My advice is that it’s prudent to pause any time you see a report on an issue of health like this, and ask: what does this actually prove? It’s really worth understanding that there’s a difference between association – which this study does seem to show – and cause and effect, which it really doesn’t prove at all. Interestingly, data from the same group also seemed to show that men who smoked and men who drank alcohol had lower risk of cancer than non-smokers and non-drinkers. Yet no-one is recommending starting smoking to avoid cancer.
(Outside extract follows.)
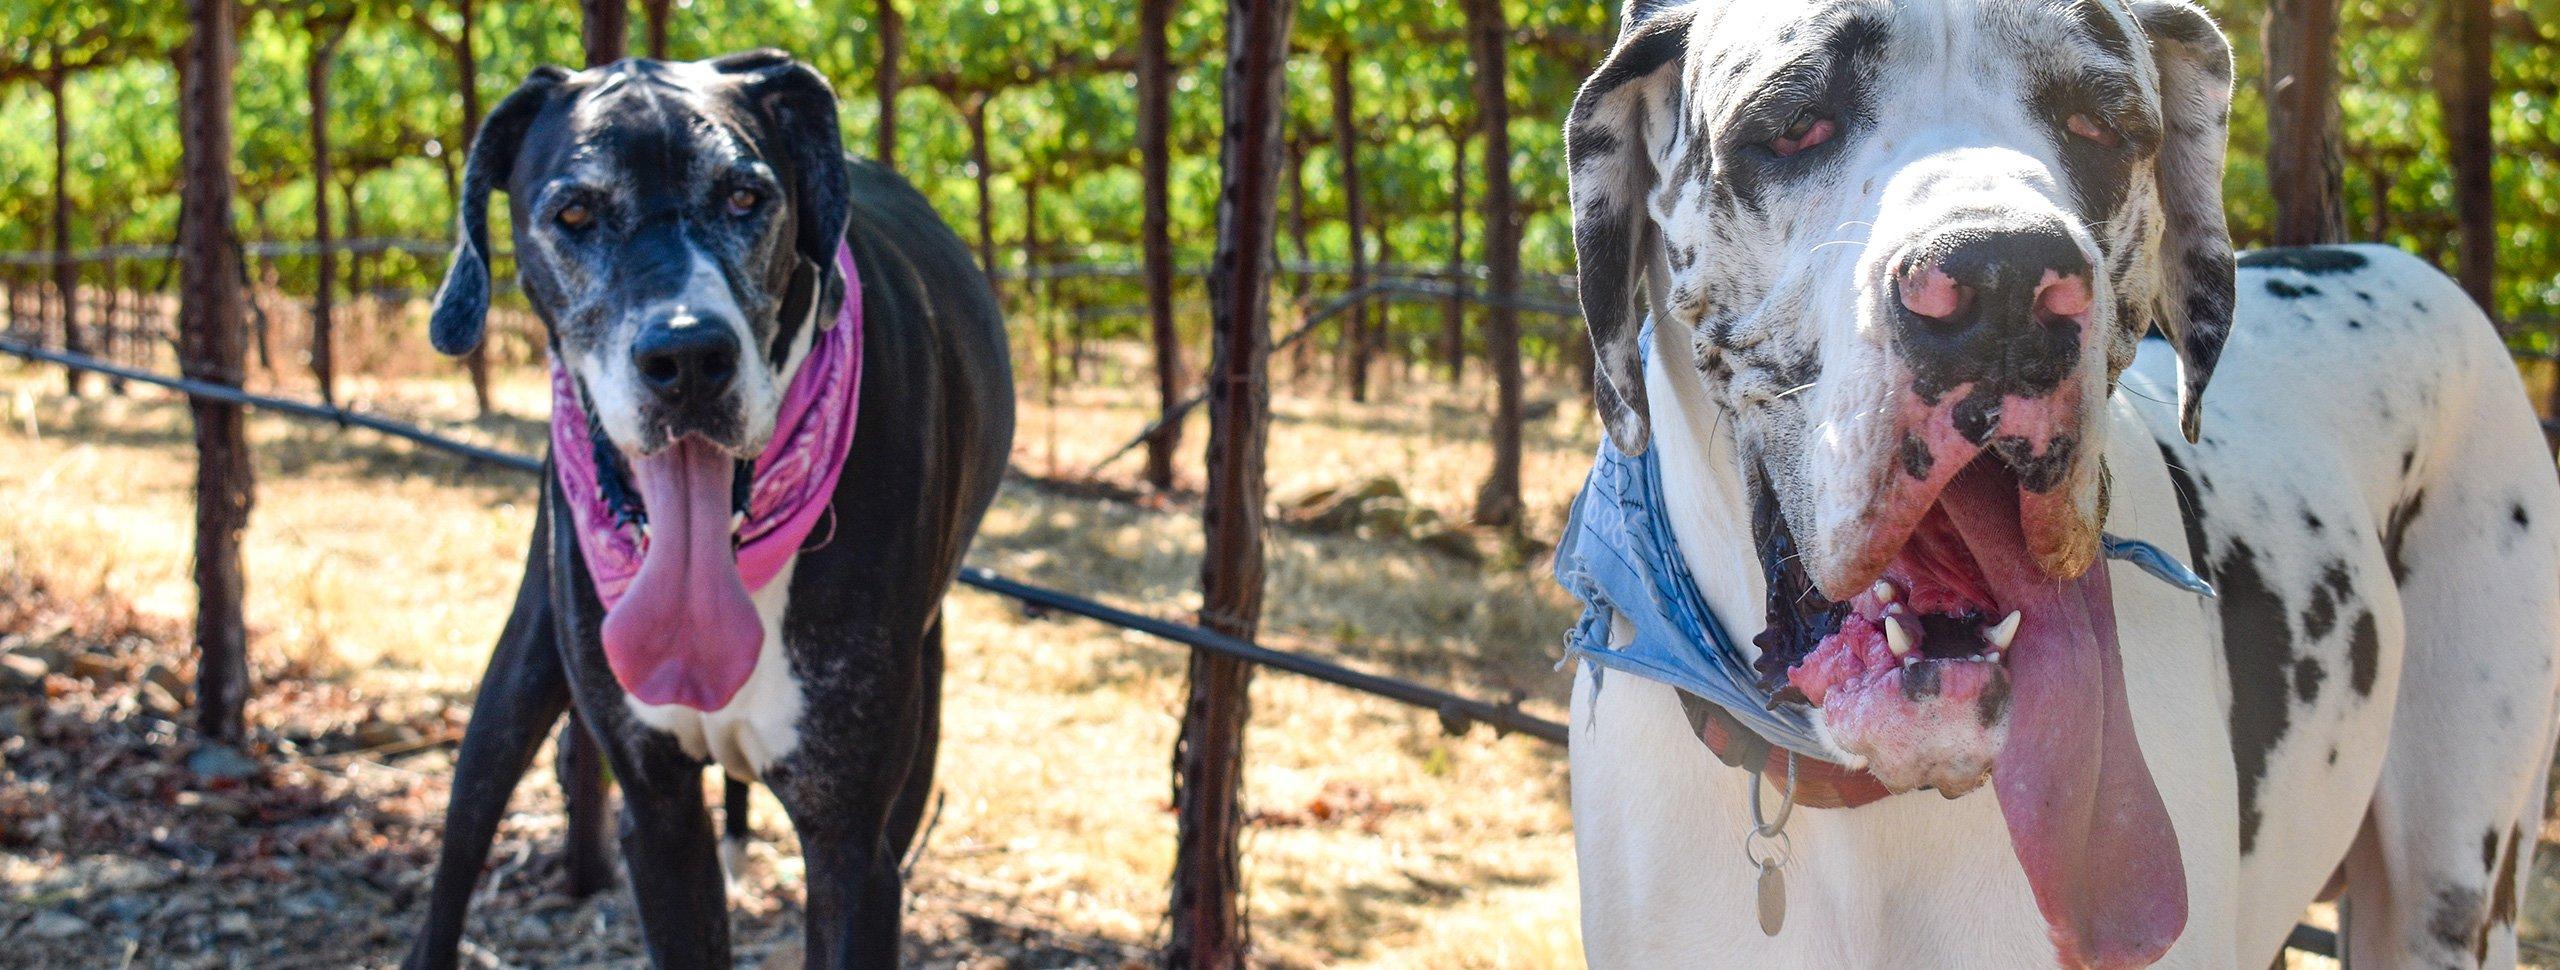 Dogs in Vineyard
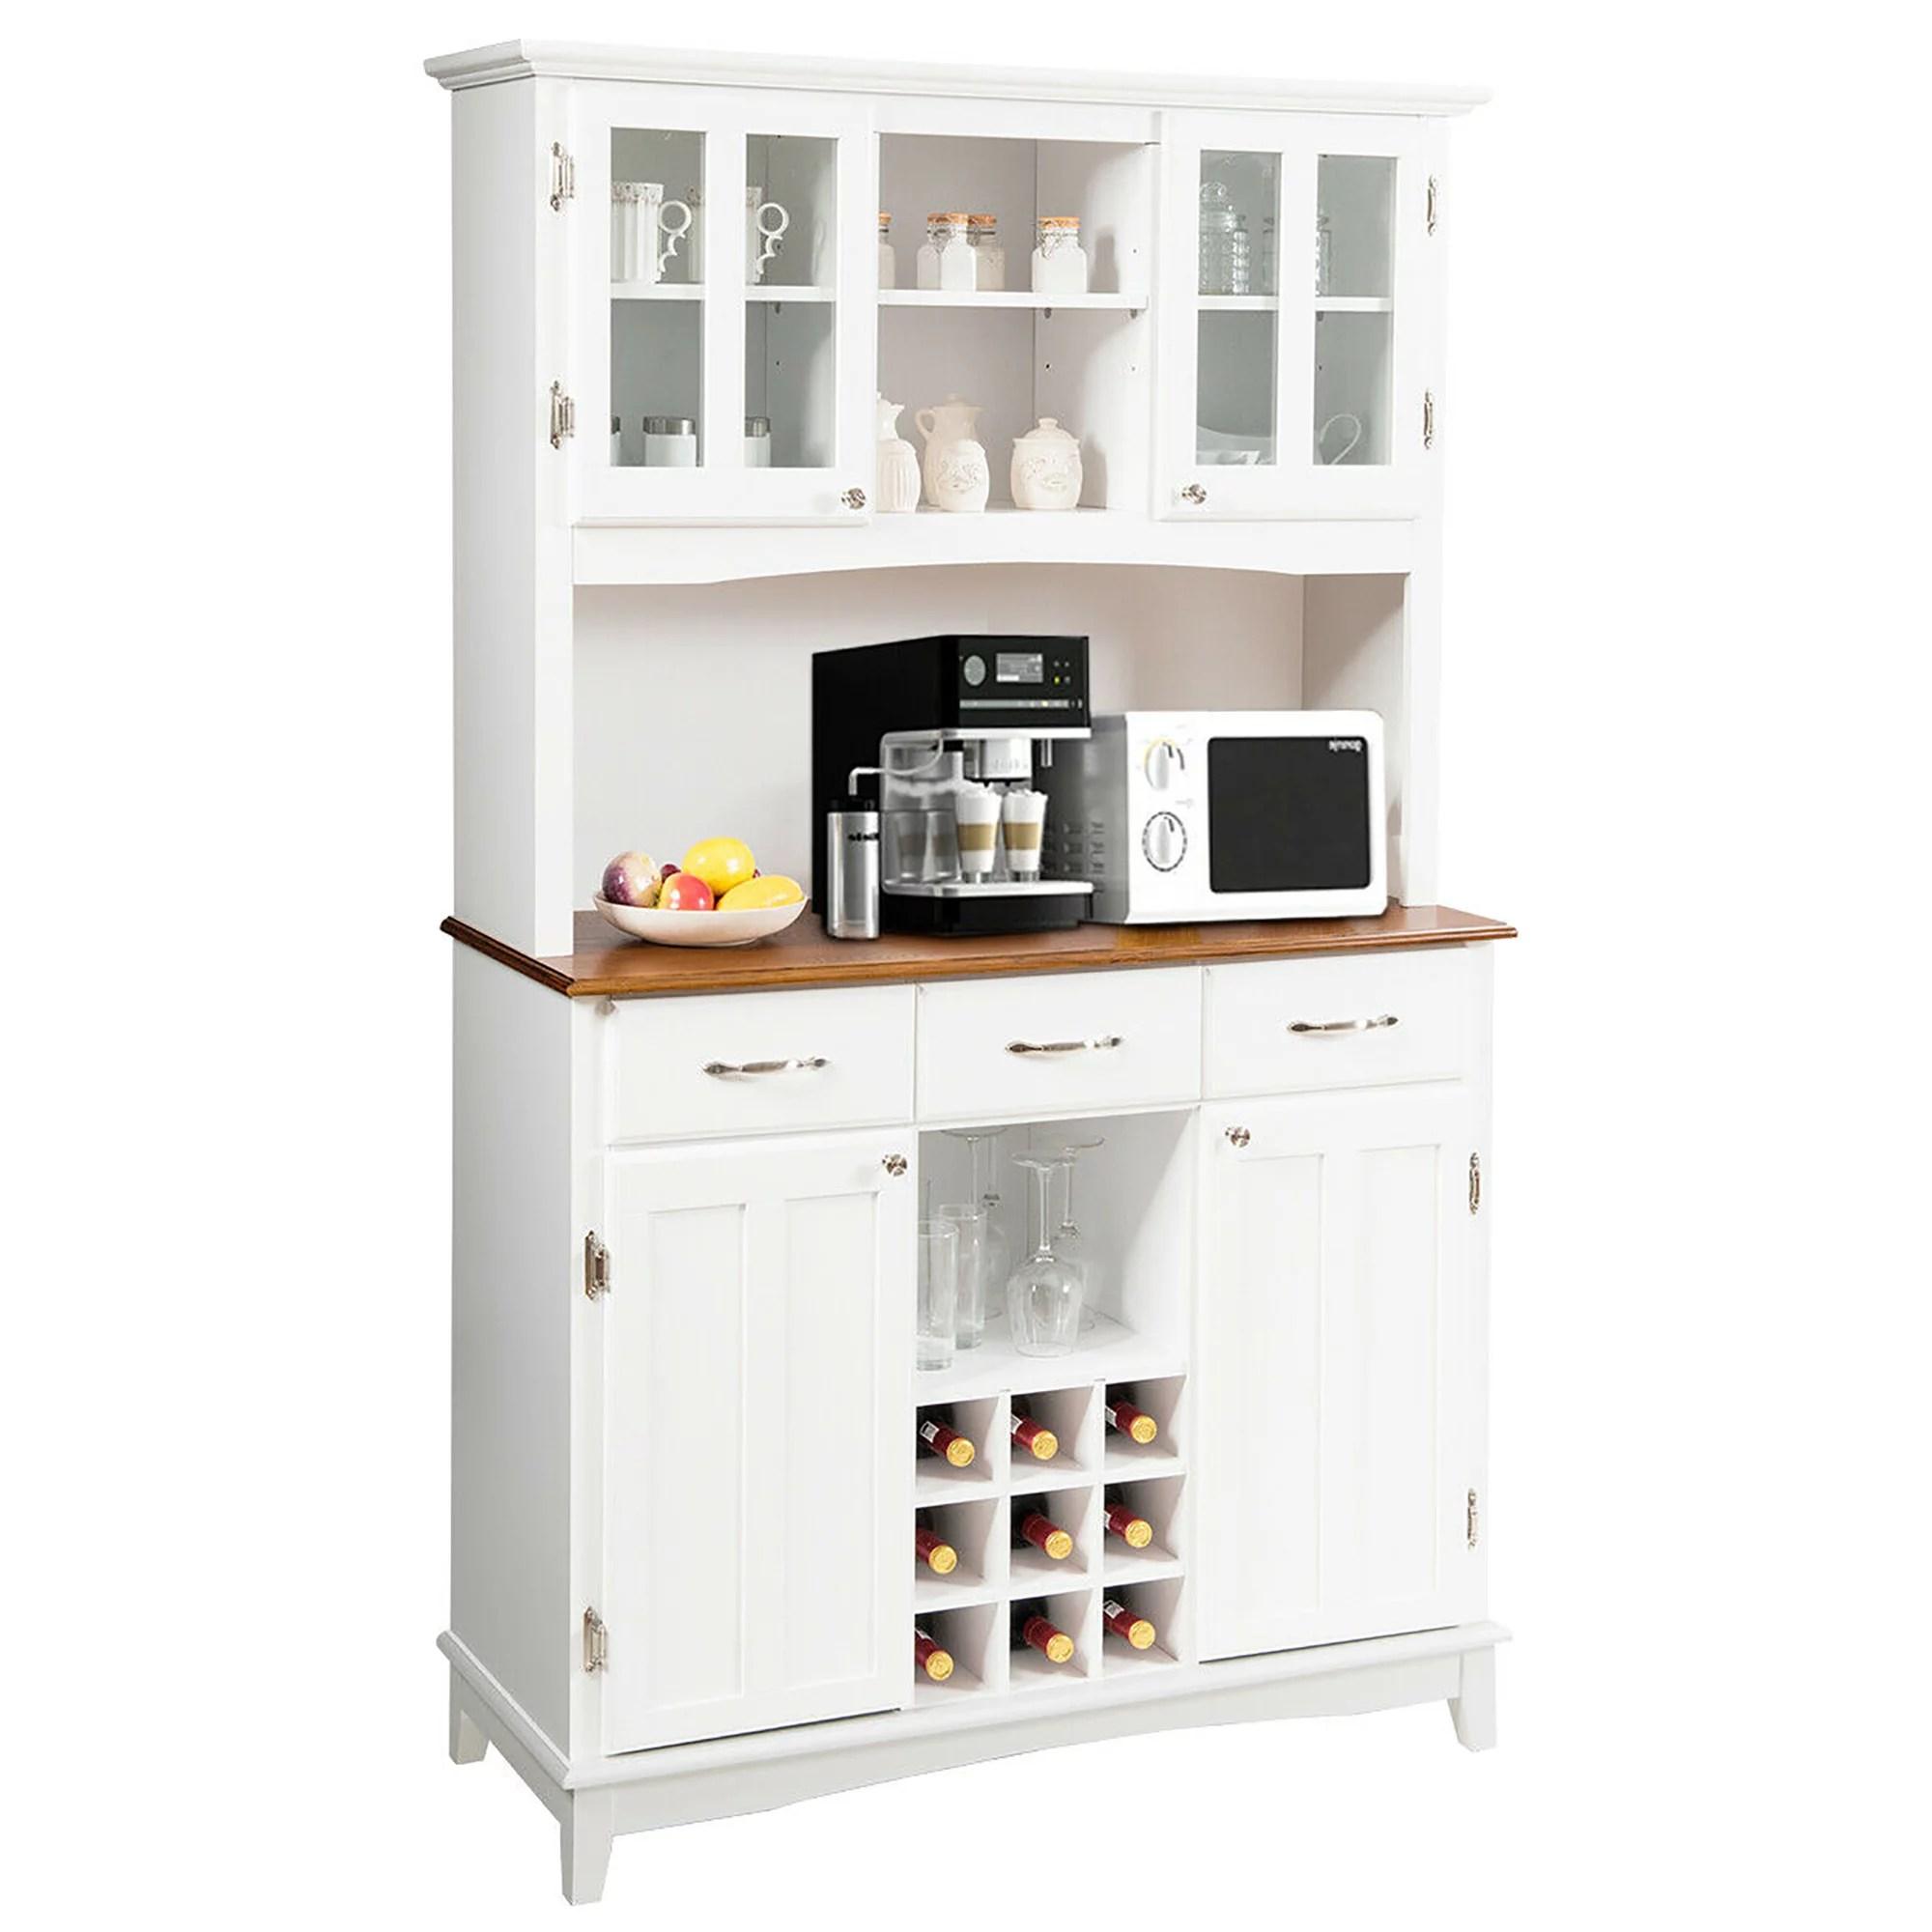 costway buffet and hutch kitchen storage cabinet cupboard w wine rack drawers white walmart com

When it comes to omega-3s, there has been and continues to be a lot of research into all sorts of areas. It’s probably fair to say that the evidence around the benefits of supplements is not conclusive. However, the benefits of eating fish and seafood are widely acknowledged. So our best bet, as is often the case, is to eat real food. Fish – especially oily fish like salmon and tuna – a couple of times a week is still a great idea.